Retrying the join works in that case.
Joining a heterogeneous cluster
PGD 4.0 node can join a EDB Postgres Distributed cluster running 3.7.x at a specific minimum maintenance release (such as 3.7.6) or a mix of 3.7 and 4.0 nodes. This procedure is useful when you want to upgrade not just the PGD major version but also the underlying PostgreSQL major version. You can achieve this by joining a 3.7 node running on PostgreSQL 12 or 13 to a EDB Postgres Distributed cluster running 3.6.x on PostgreSQL 11. The new node can also run on the same PostgreSQL major release as all of the nodes in the existing cluster.

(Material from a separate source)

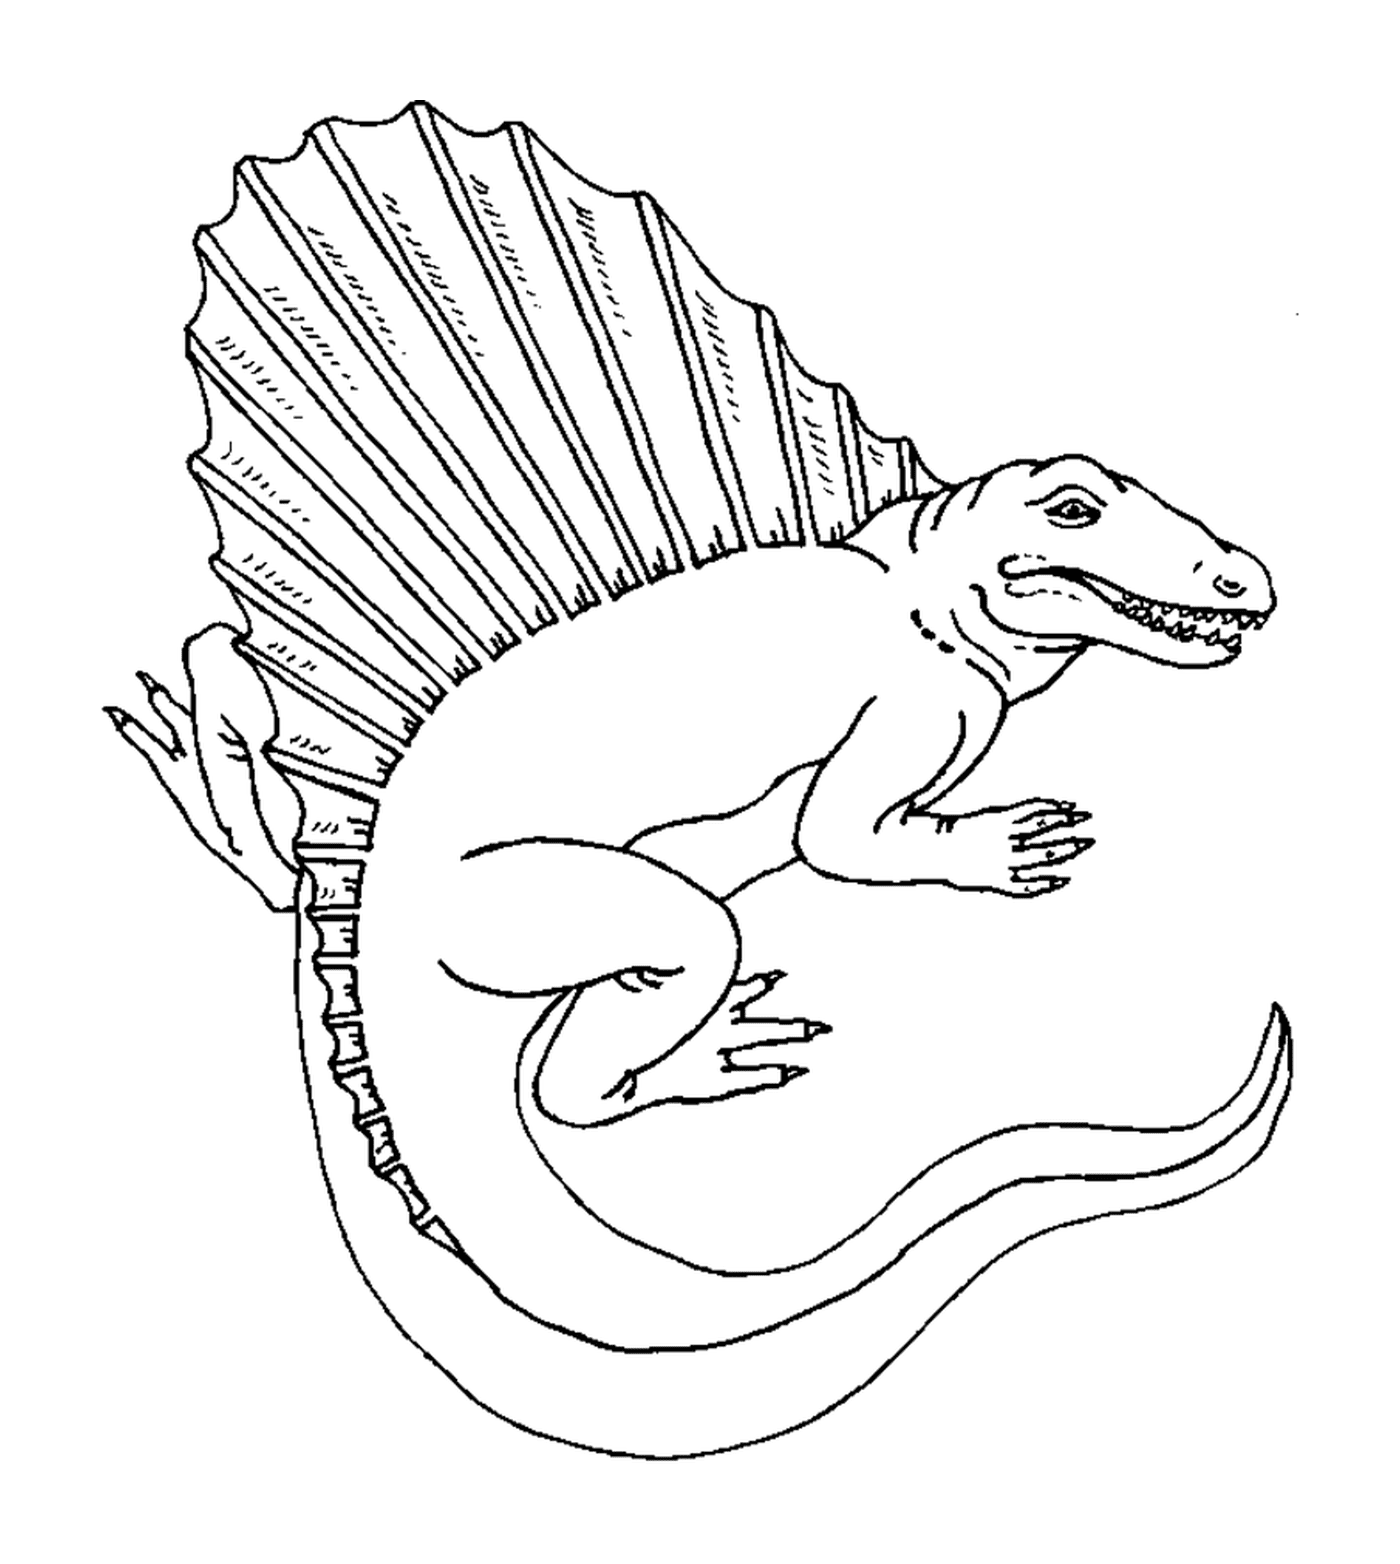  Dibujo de un dinosaurio preciso y realista 
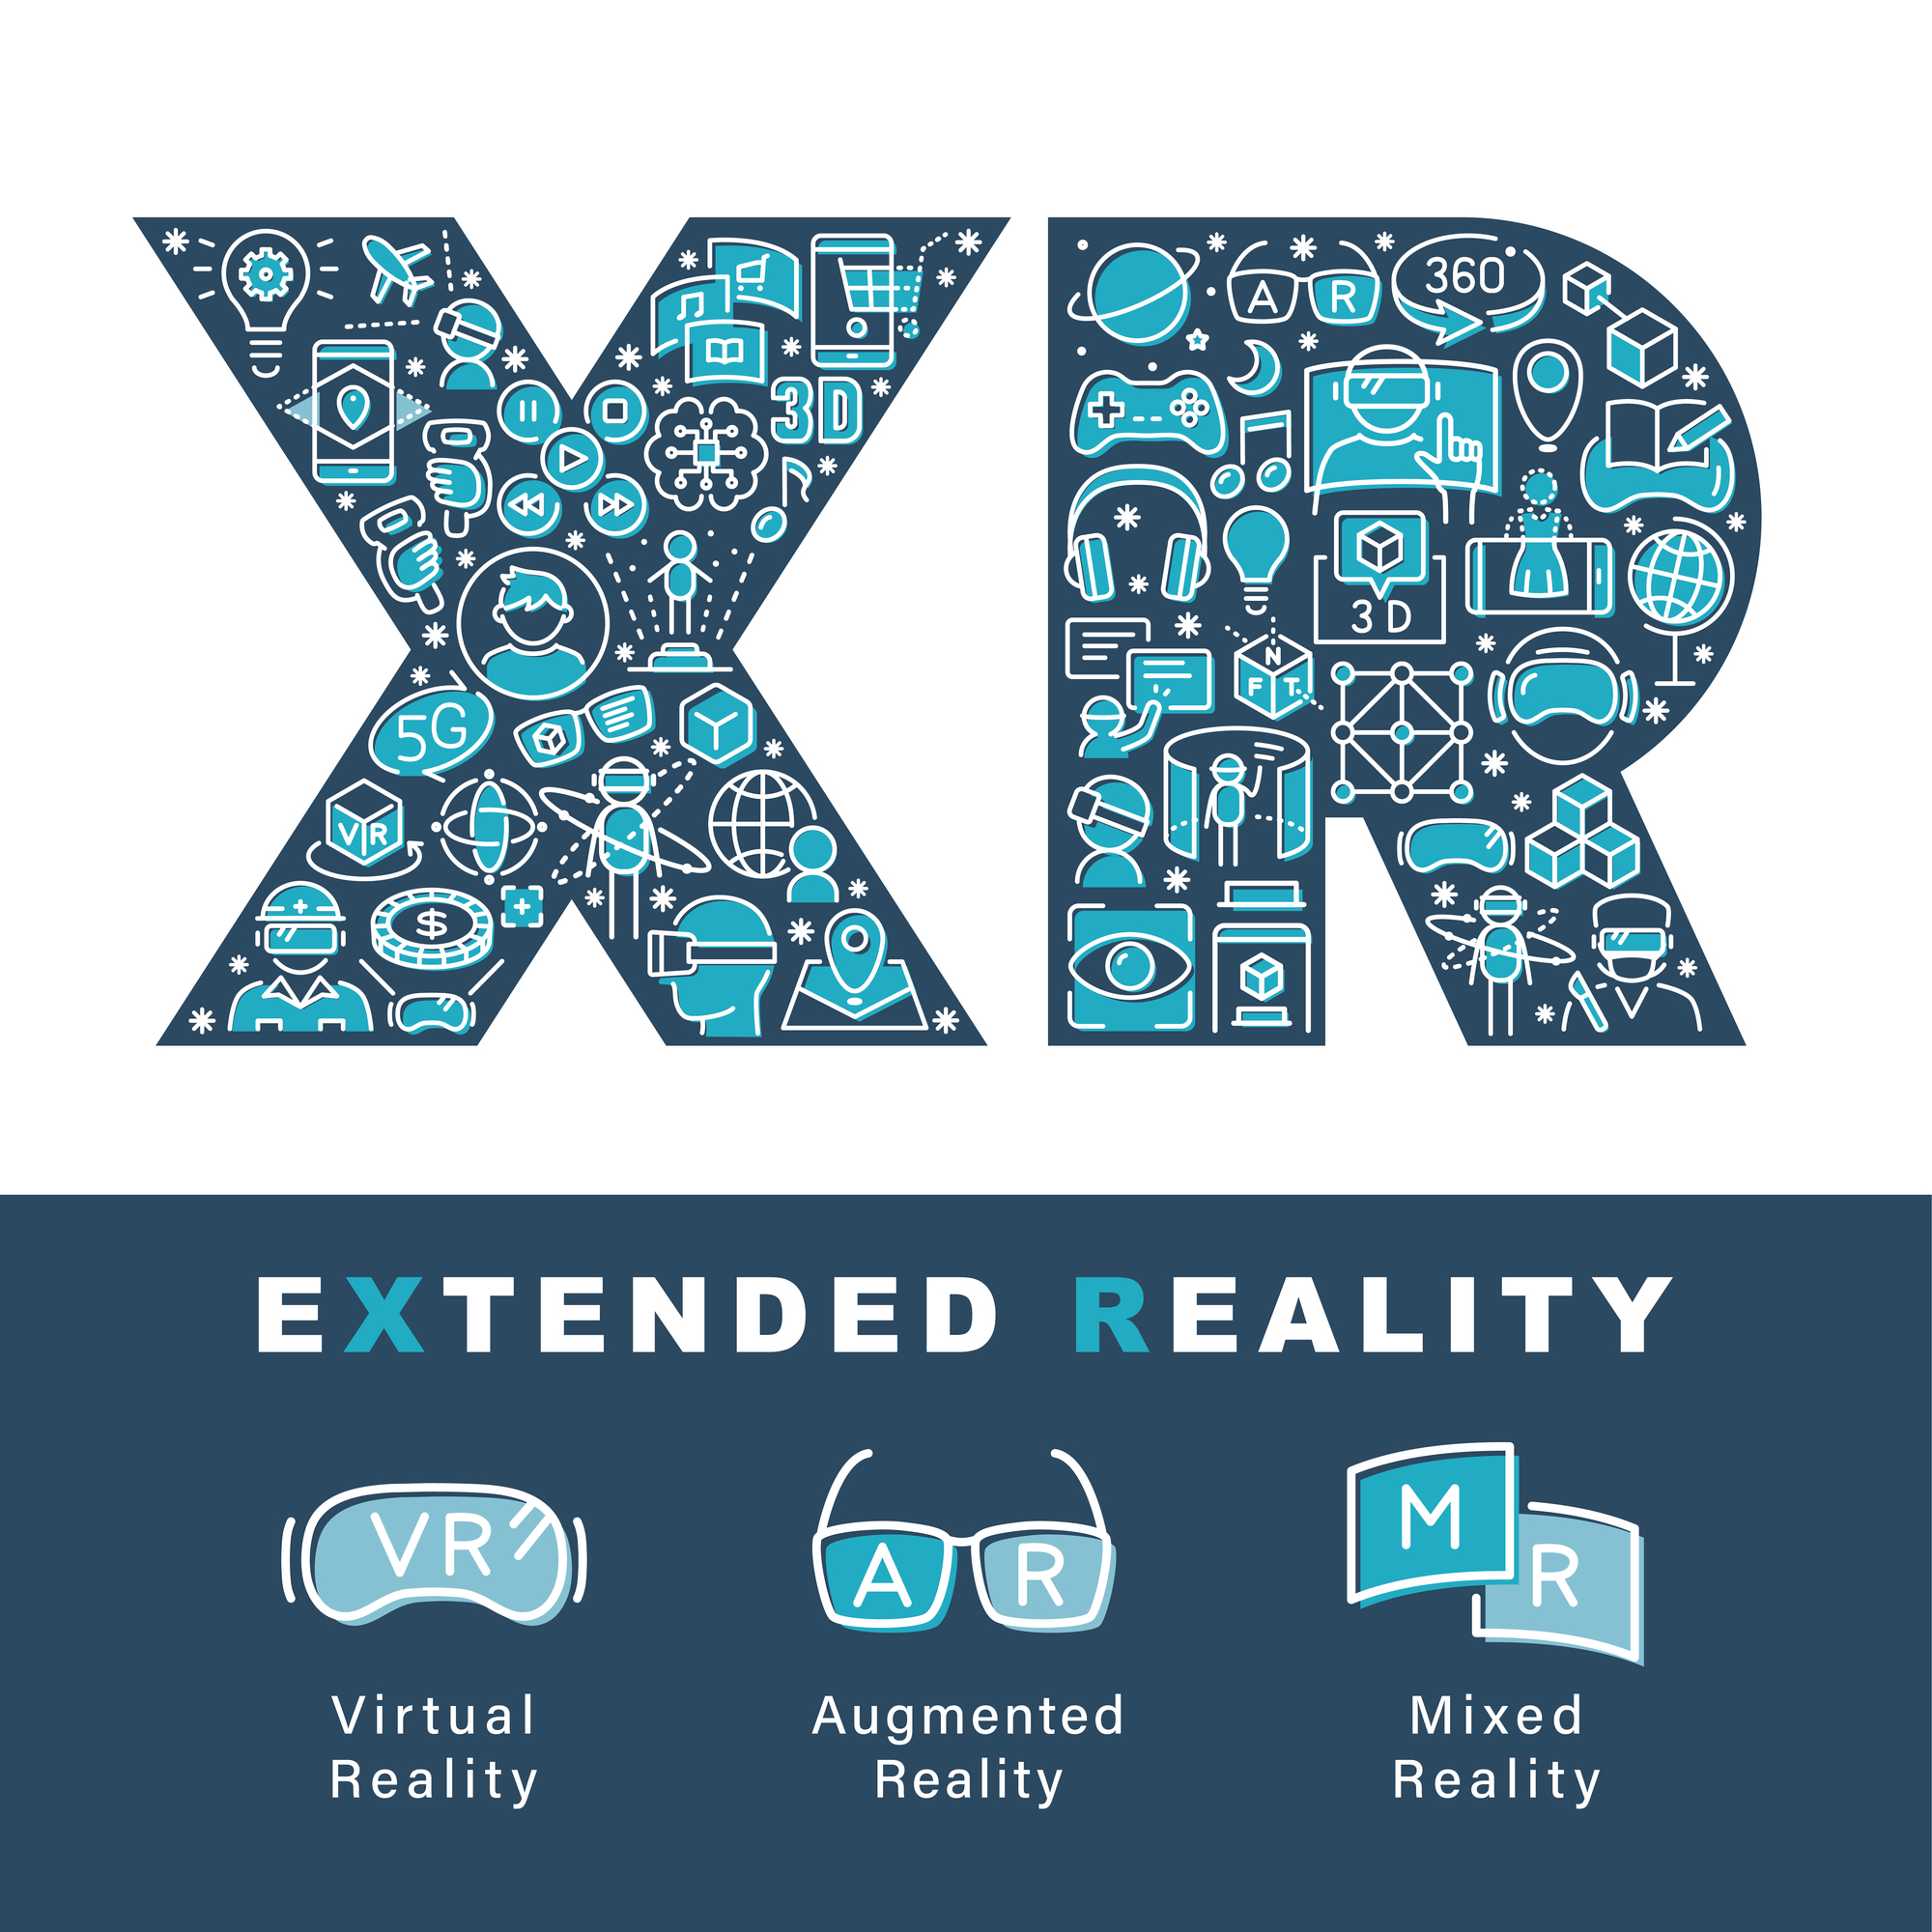 現実世界と仮想世界を融合するXR（クロスリアリティ）VR、メタバースとの違いとは

PGD ensures that the replication works correctly in all directions even when some nodes are running 3.6 on one PostgreSQL major release and other nodes are running 3.7 on another PostgreSQL major release. But we recommend that you quickly bring the cluster into a homogenous state by parting the older nodes once enough new nodes join the cluster. Don't run any DDLs that might not be available on the older versions and vice versa.
A node joining with a different major PostgreSQL release can't use
physical backup taken with bdr_init_physical
, and the node must join
using the logical join method. This is necessary because the major
PostgreSQL releases aren't on-disk compatible with each other.
When a 3.7 node joins the cluster using a 3.6 node as a source, certain configurations, such as conflict resolution, aren't copied from the source node. The node must be configured after it joins the cluster.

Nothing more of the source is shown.